The recent release of the film, Indiana Jones and the Kingdom of the Crystal Skull, has been timed perfectly with plans for this summer’s RYSAG (Rochester Young Scholars Academy at Geneseo) camp experience. Last July, young CSI (Crime Scene Investigation) candidates scoured the campus for clues relating to a fictitious art theft, culminating in a Grand Jury hearing where four key suspects were indicted and sent to jail to await further prosecution. This summer, the focus of the academic summer experience is on Archaeology.
Approximately 60 middle school students will arrive on campus July 14 and spend two weeks plotting, graphing, digging, analyzing, researching, interviewing, blogging, and visually documenting findings that we hope will unearth artifacts from a pre-colonial Seneca village.
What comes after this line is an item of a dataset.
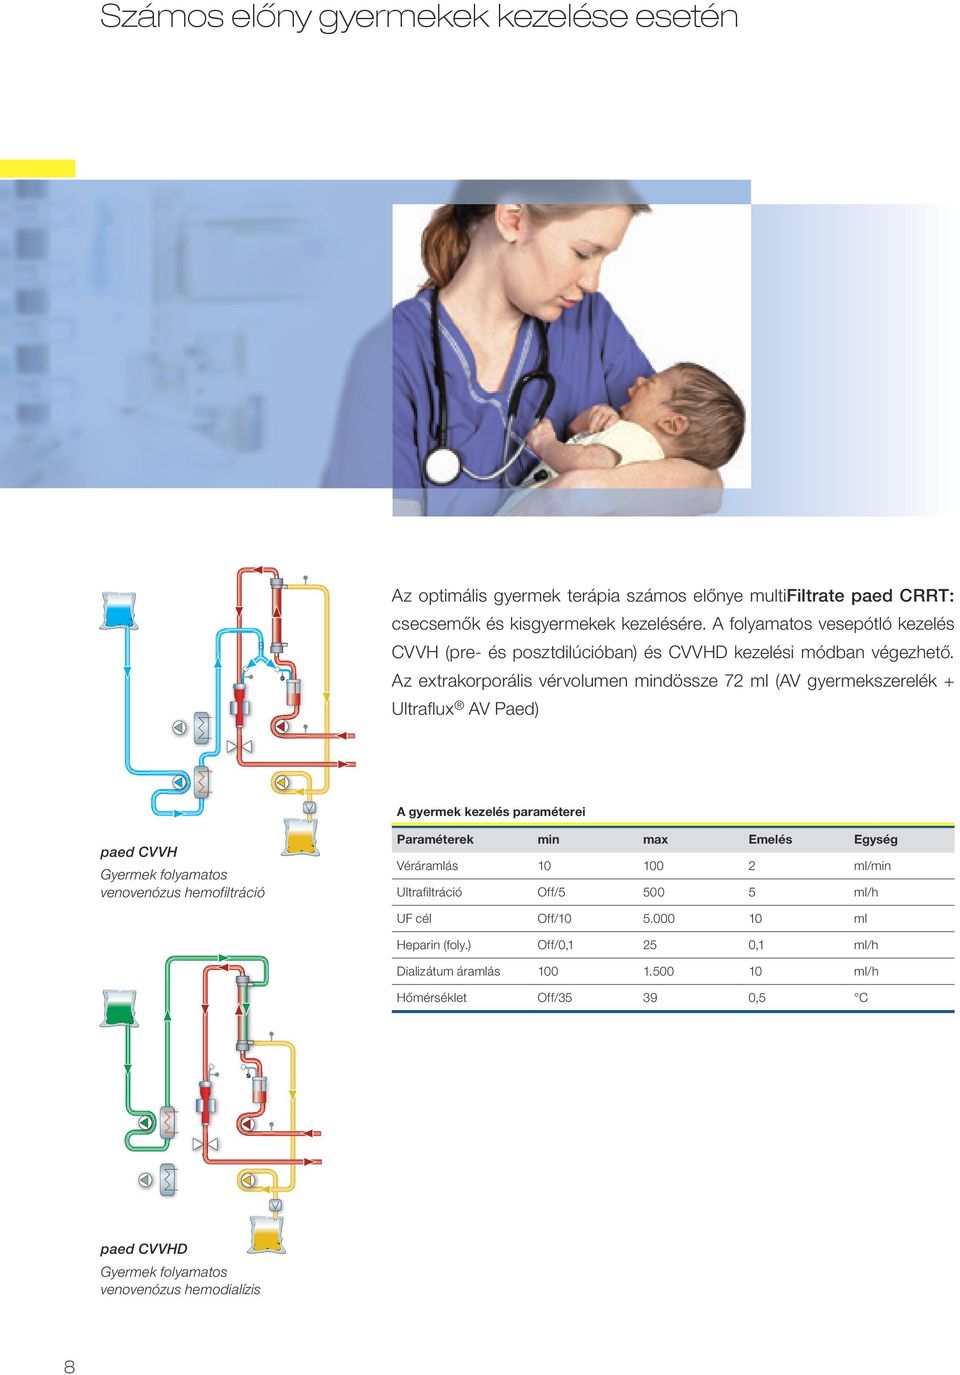 Az extrakorporális vérvolumen mindössze 72 ml (AV gyermekszerelék + Ultraflux AV Paed) A gyermek kezelés paraméterei paed CVVH Gyermek folyamatos venovenózus hemofiltráció

Much like last year, Milne Library will serve as “Command Central” where Camp Director, Susan Norman (Xerox Center for Multicultural Education) establishes her home base in room 208, classes are taught in rooms 105 and 109 by Kim Hoffman (Library), Meredith Harrigan (Communication), and Joanna Kirk (Political Science), library staff pose as stakeholders in the dig and will be interviewed by students, and technology is used and becomes pervasive throughout the discovery process. Other key faculty players in D.I.G. (Discovering the Iroquois at Geneseo) include Kristi Krumrine (Anthropology) and Eric Helms (Chemistry). Many other administrators, faculty, staff, students and community members will play an essential role as RYSAG attempts to retell the story of the Seneca in Geneseo.